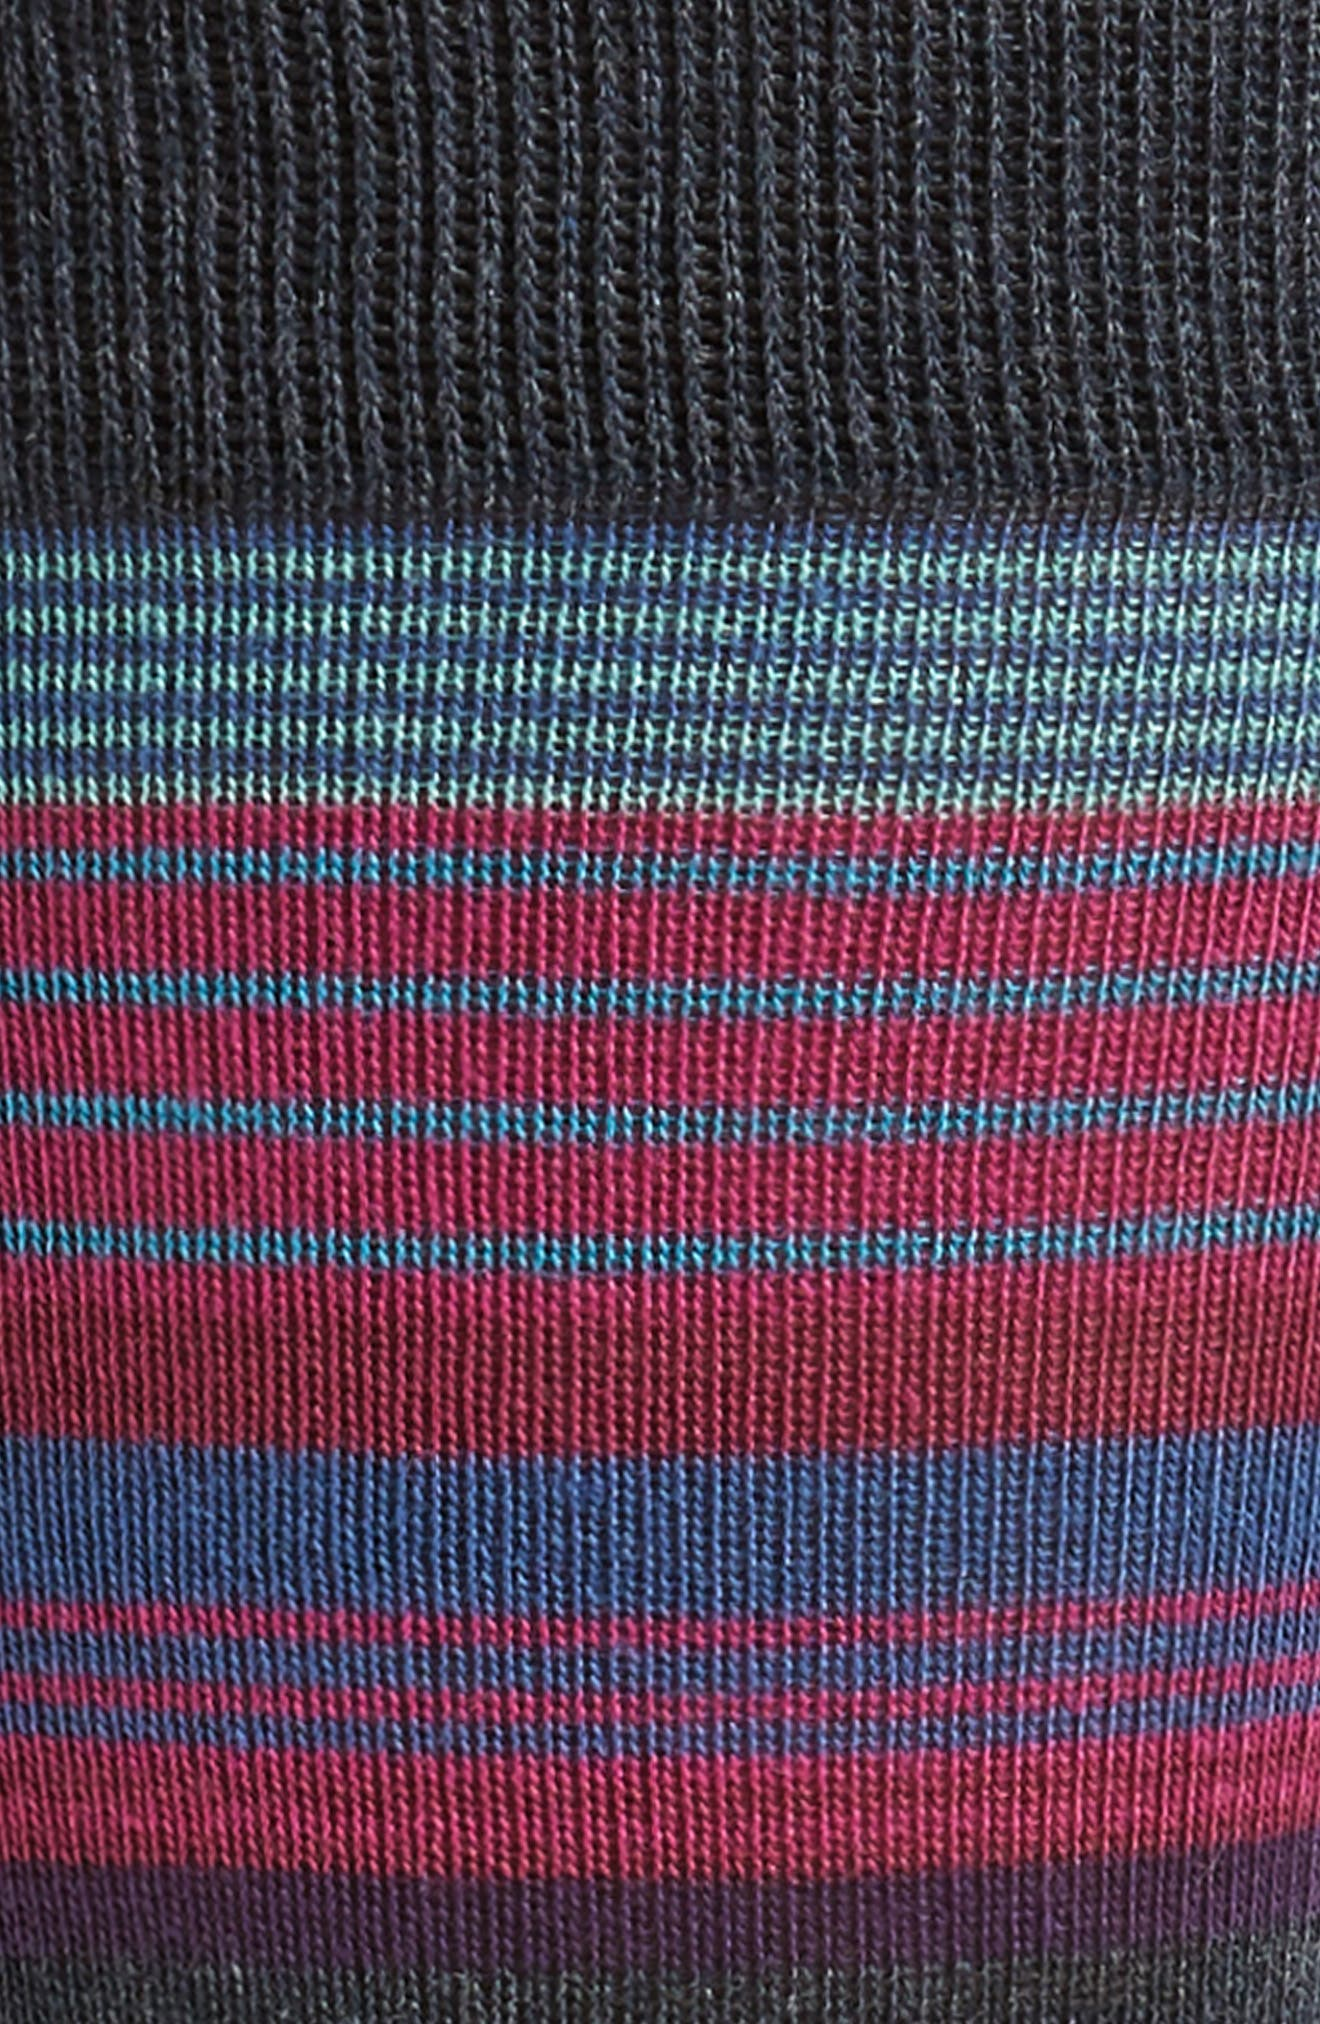 Variegated Stripes Socks,                             Alternate thumbnail 2, color,                             410
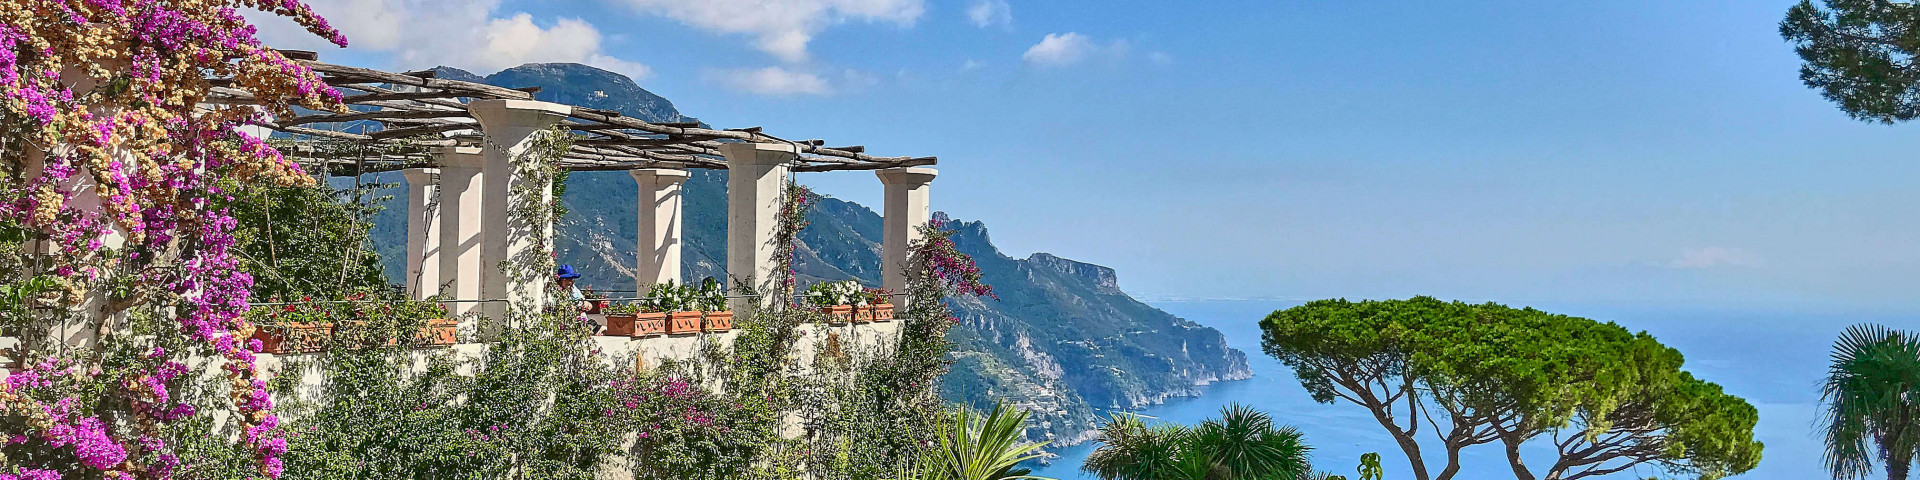 Terrace of Villa Rufolo
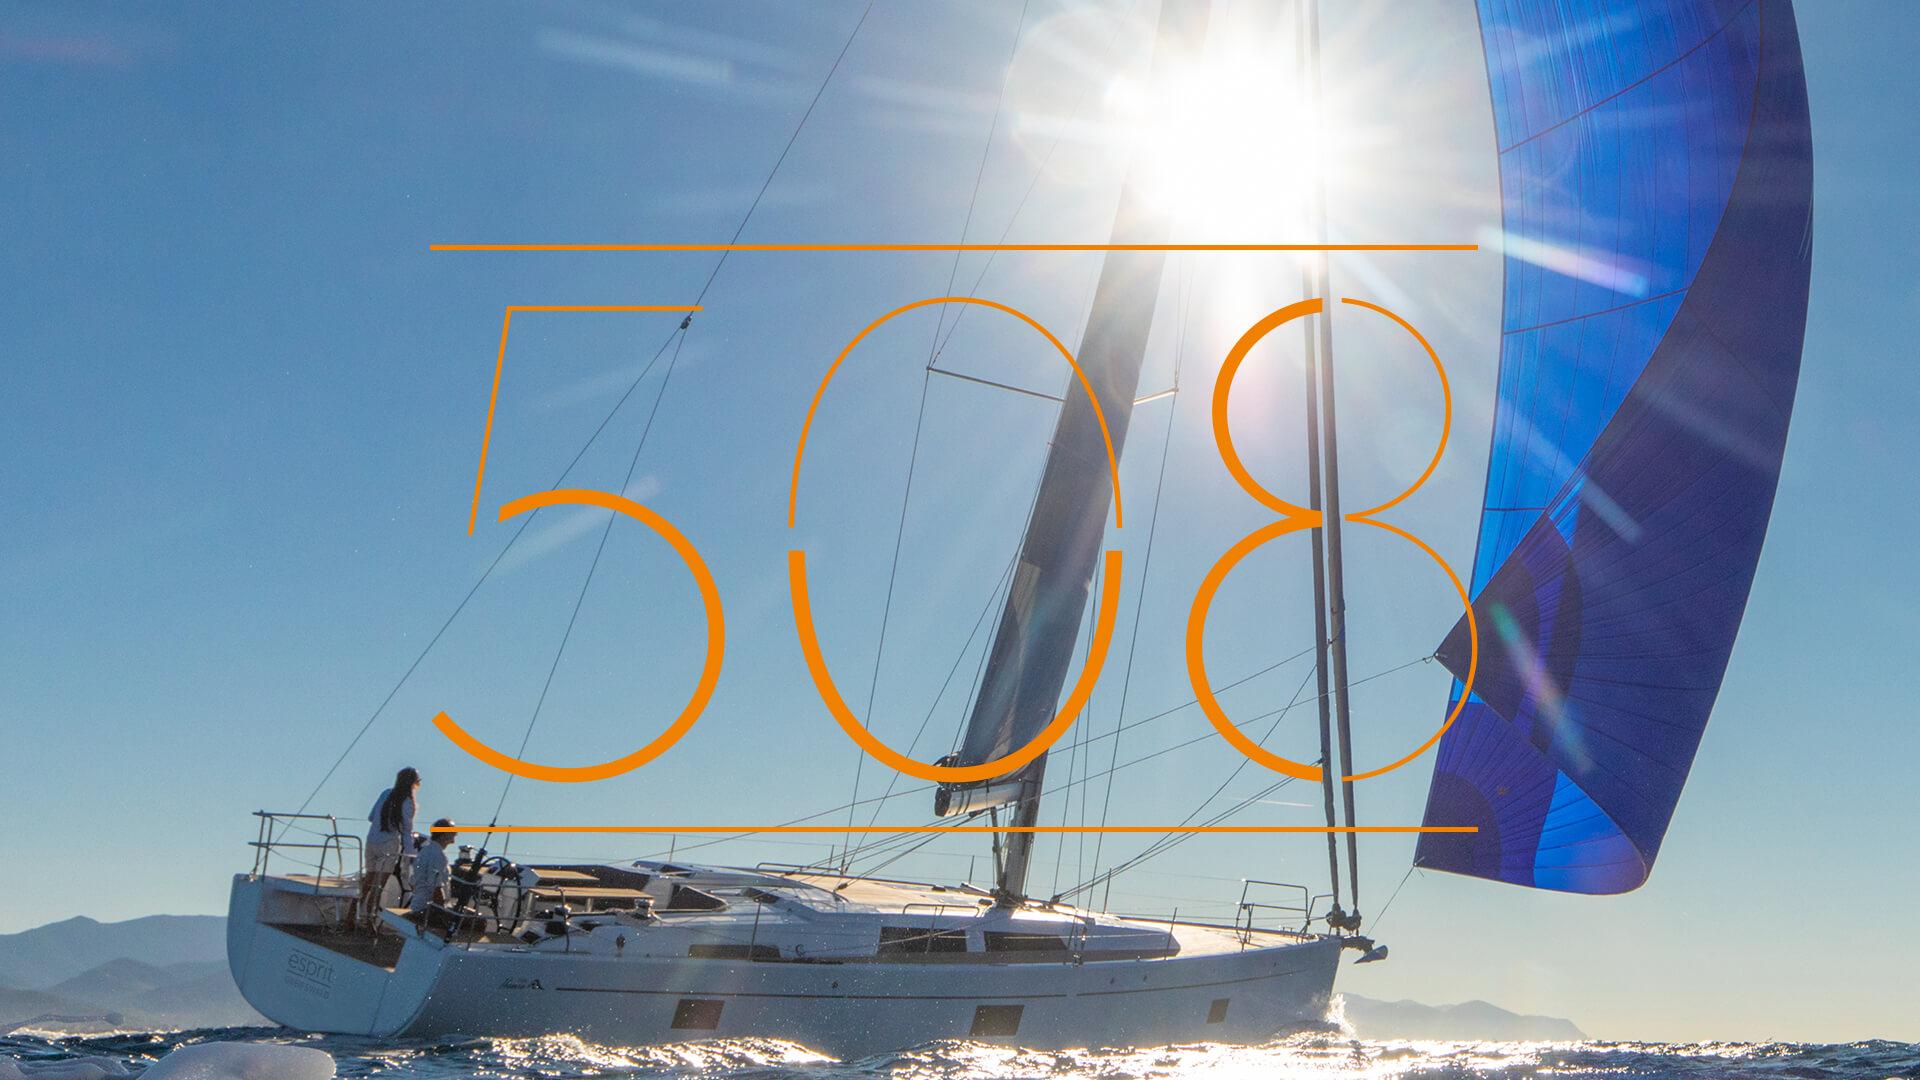 Hanse 508 explained in detail
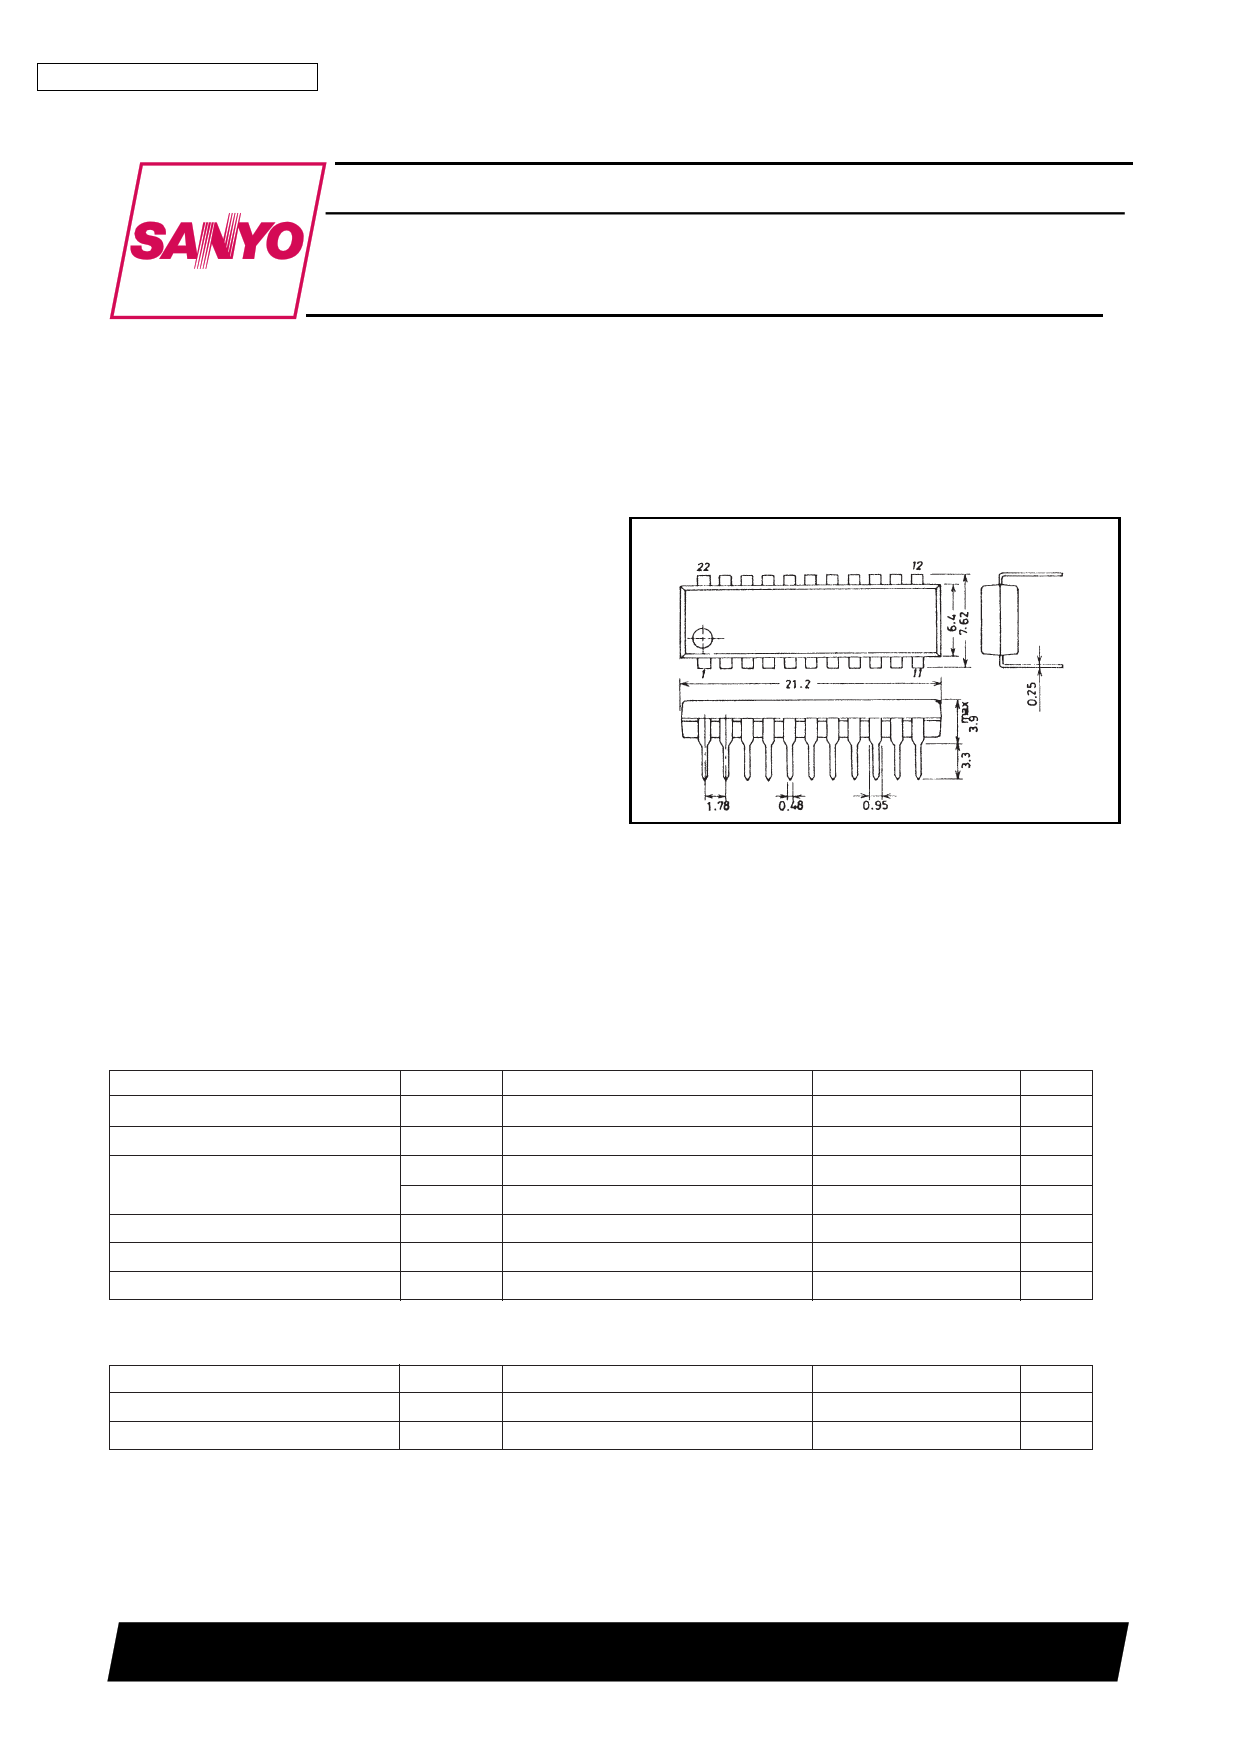 Rf Detector Circuit Symbol Engine Control Wiring Diagram La1265 Datasheet Pdf Pinout Fm Am Tuner Of Theory

■ **What this task involves**:
No pictures should appear in the copy; write out exactly the lines from the one containing "Hanse 508 explained in detail" through the end of the material.

■ **Solution**:
 Hanse 508 explained in detail
 Rf Detector Circuit Symbol Engine Control Wiring Diagram La1265 Datasheet Pdf Pinout Fm Am Tuner Of Theory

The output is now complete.